# Loaded Transformer secondary current/voltage phase relationship?

#### kenc184

Joined Jan 11, 2018
3
Hi all,

This is probably not an incredibly smart question but I have to ask regardless!

If you consider a transformer to be two coupled inductors, and if you consider the secondary to be loaded with a resistor then you have the situation where The resistor and secondary winding share the same current AND the same voltage across their terminals. So while the load resistor insists on voltage and current being in phase (being a non reactive component), if the secondary is truly an inductor, it should force voltage and current to be in quadrature. Since both situations cannot be satisfied, and a simulation shows - somehow - that the resistor "wins", it means we have an inductor with voltage and current 180 degrees out of phase rather than the 90 degrees that physics tells us should exist.

What am I not getting here?

Thanks!

#### crutschow

Joined Mar 14, 2008
25,109
Transformers can be confusing and it took me awhile until I really understood how they worked.

You are not getting that the transformer inductance of a normal transformer does not appear in series with the load and is, in fact, transparent to the load.
The primary (and reflected secondary) coupled inductance act as one inductance (assuming perfect coupling between the primary and secondary windings) which establishes the magnetizing current and consequent magnetic flux from the applied primary voltage. That is the purpose of the inductance.

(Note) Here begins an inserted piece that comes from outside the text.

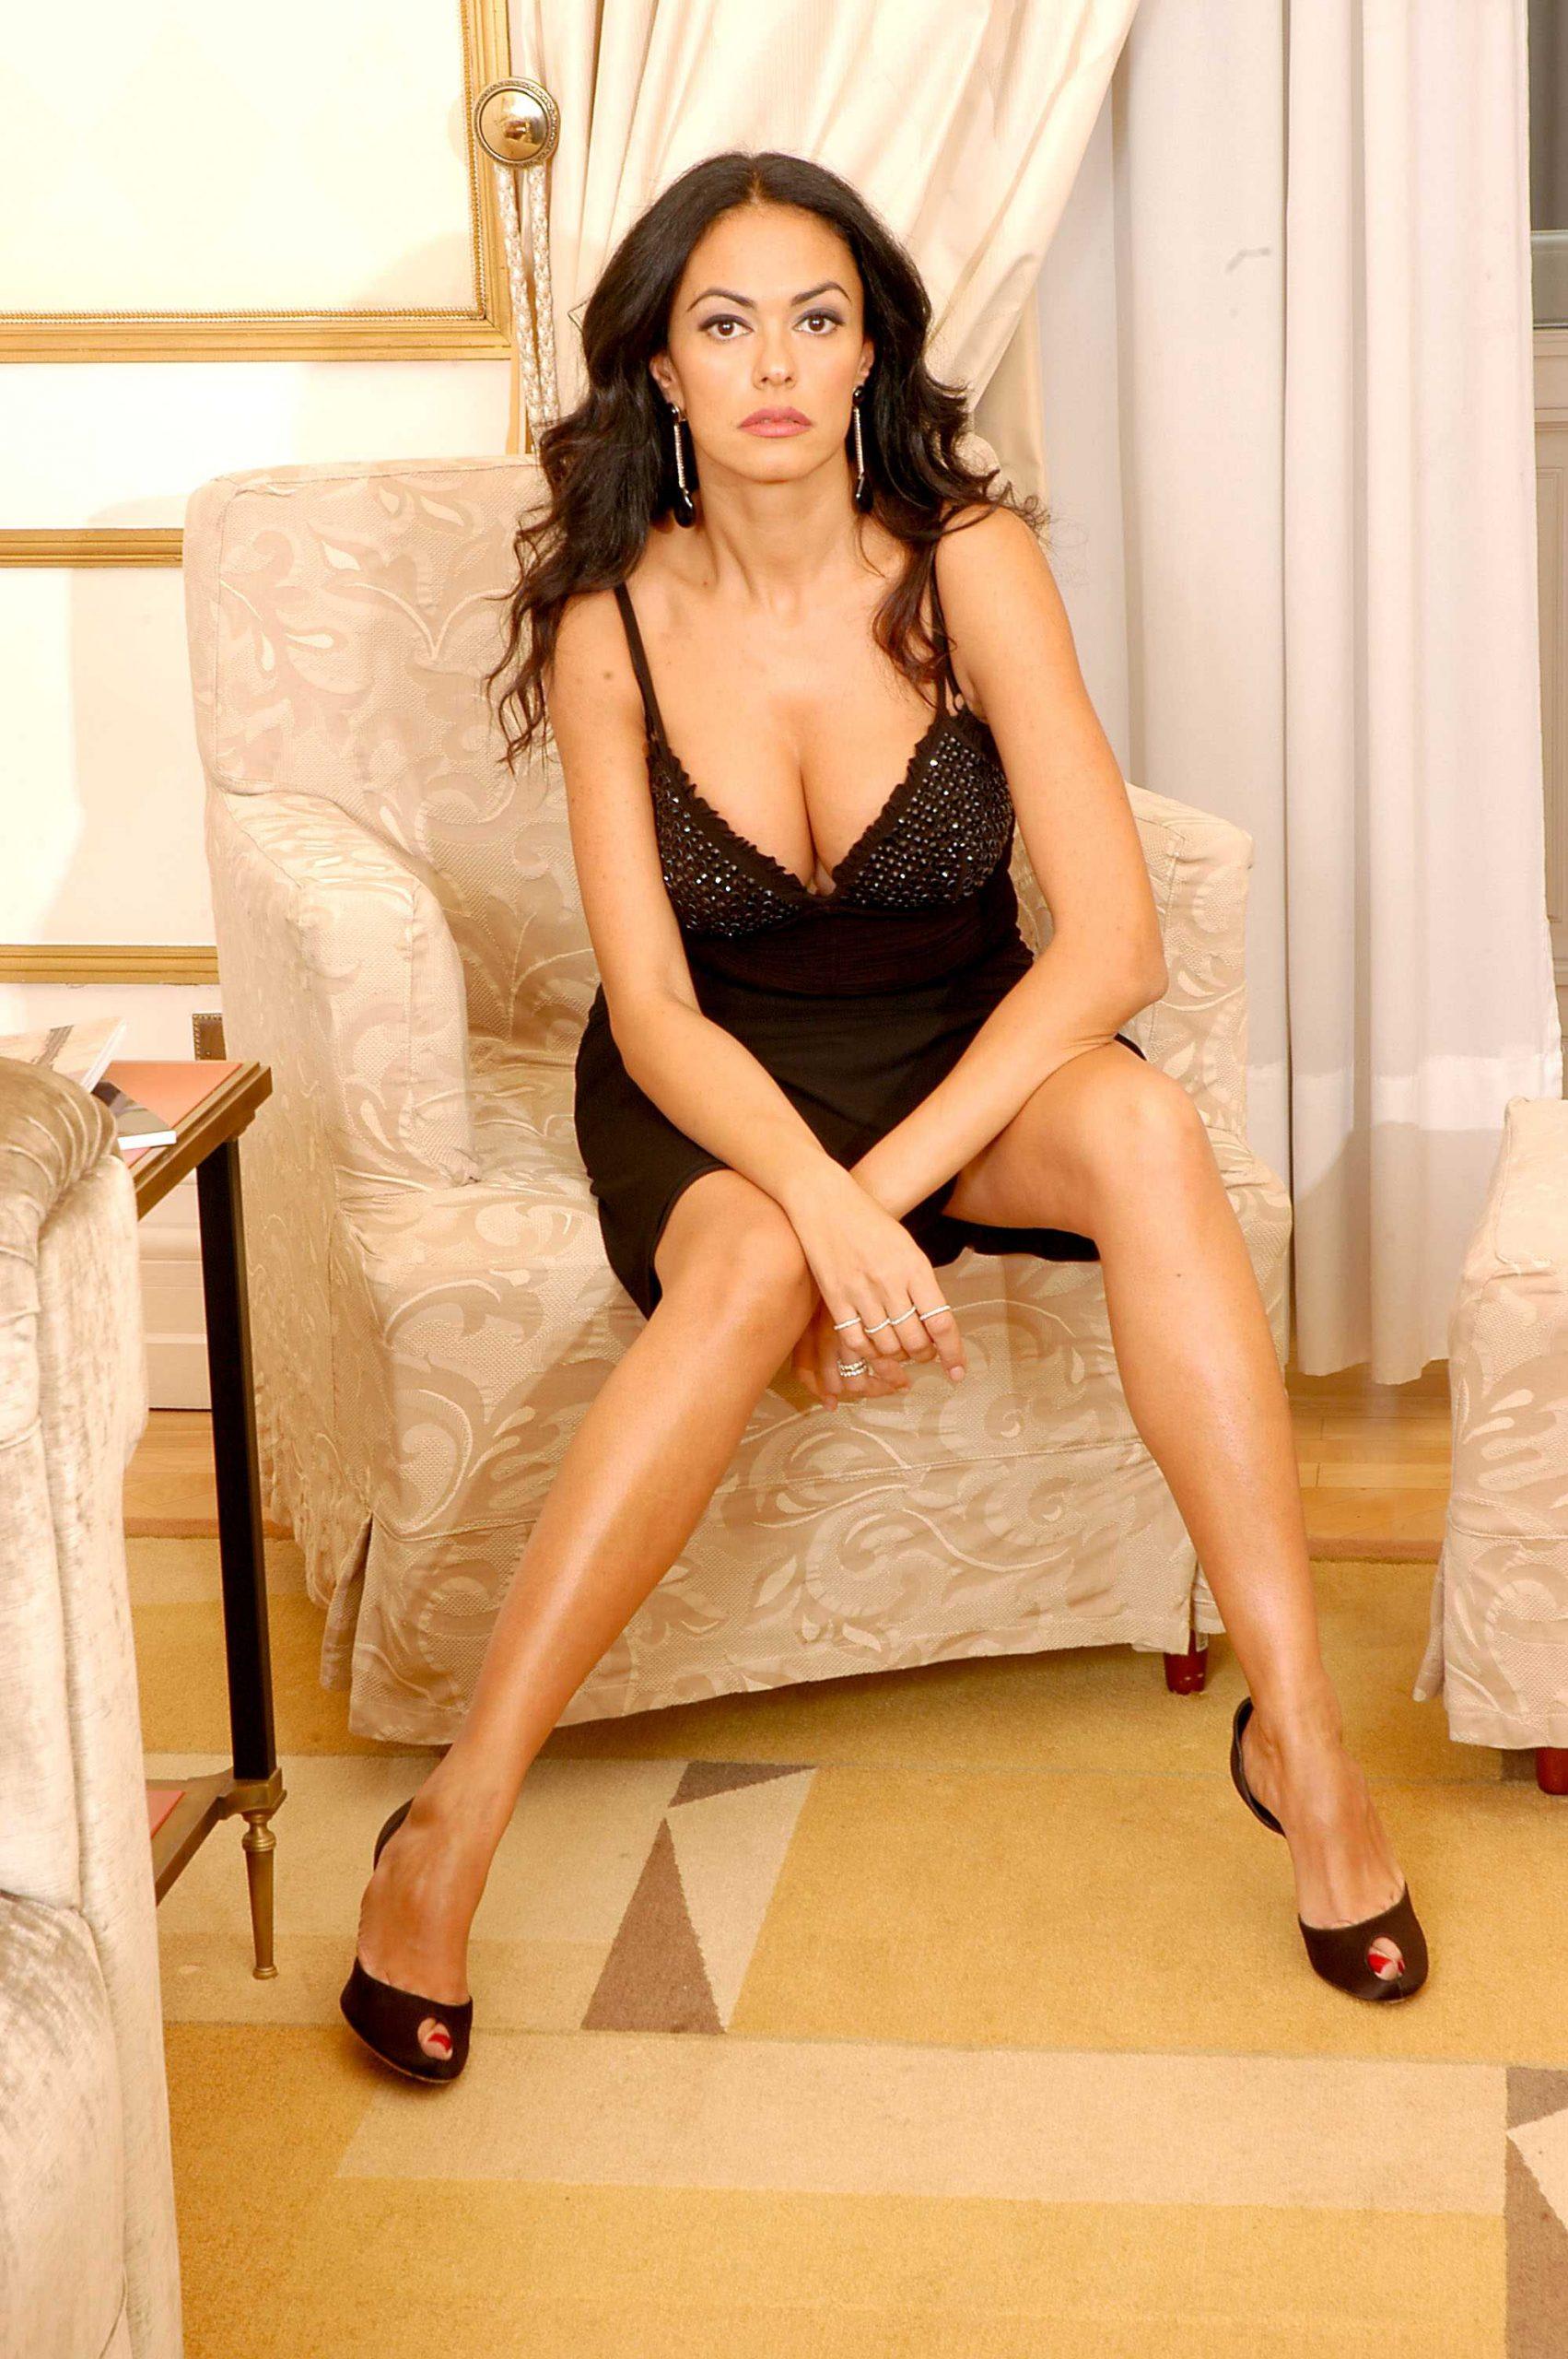 Maria Grazia Cucinotta awesome

Here's the crux of the transformer operation.
Any secondary load current unbalances this magnetizing flux which then causes more primary current to flow to keep the flux in balance.
Thus any primary current is in phase with the secondary current, and there is ideally no phase-shift between the primary and secondary currents in the transformer.
The primary current thus always matches the secondary current times the turns ratio.

• tranzz4md

#### WBahn

Joined Mar 31, 2012
25,906
Hi all,

This is probably not an incredibly smart question but I have to ask regardless!

If you consider a transformer to be two coupled inductors, and if you consider the secondary to be loaded with a resistor then you have the situation where The resistor and secondary winding share the same current AND the same voltage across their terminals. So while the load resistor insists on voltage and current being in phase (being a non reactive component), if the secondary is truly an inductor, it should force voltage and current to be in quadrature. Since both situations cannot be satisfied, and a simulation shows - somehow - that the resistor "wins", it means we have an inductor with voltage and current 180 degrees out of phase rather than the 90 degrees that physics tells us should exist.

What am I not getting here?

Thanks!
Basically what is happening is that, as current is pulled from the secondary, the magnetic interactions between the primary current and the secondary current result in the inductance going away as energy is pulled from the field.

In fact, if you take this into account by analyzing the circuit's mutual inductance between the primary and secondary you discover that, to the source driving the primary, the combination of the transformer and the load on the secondary look like a scaled version of the load. The transformer essential does nothing but transforms the impedance by the square of the turns ratio. This is for an ideal transformer. Not surprisingly, real transformers have artifacts on top of this, but in many instances this is a very good approximation.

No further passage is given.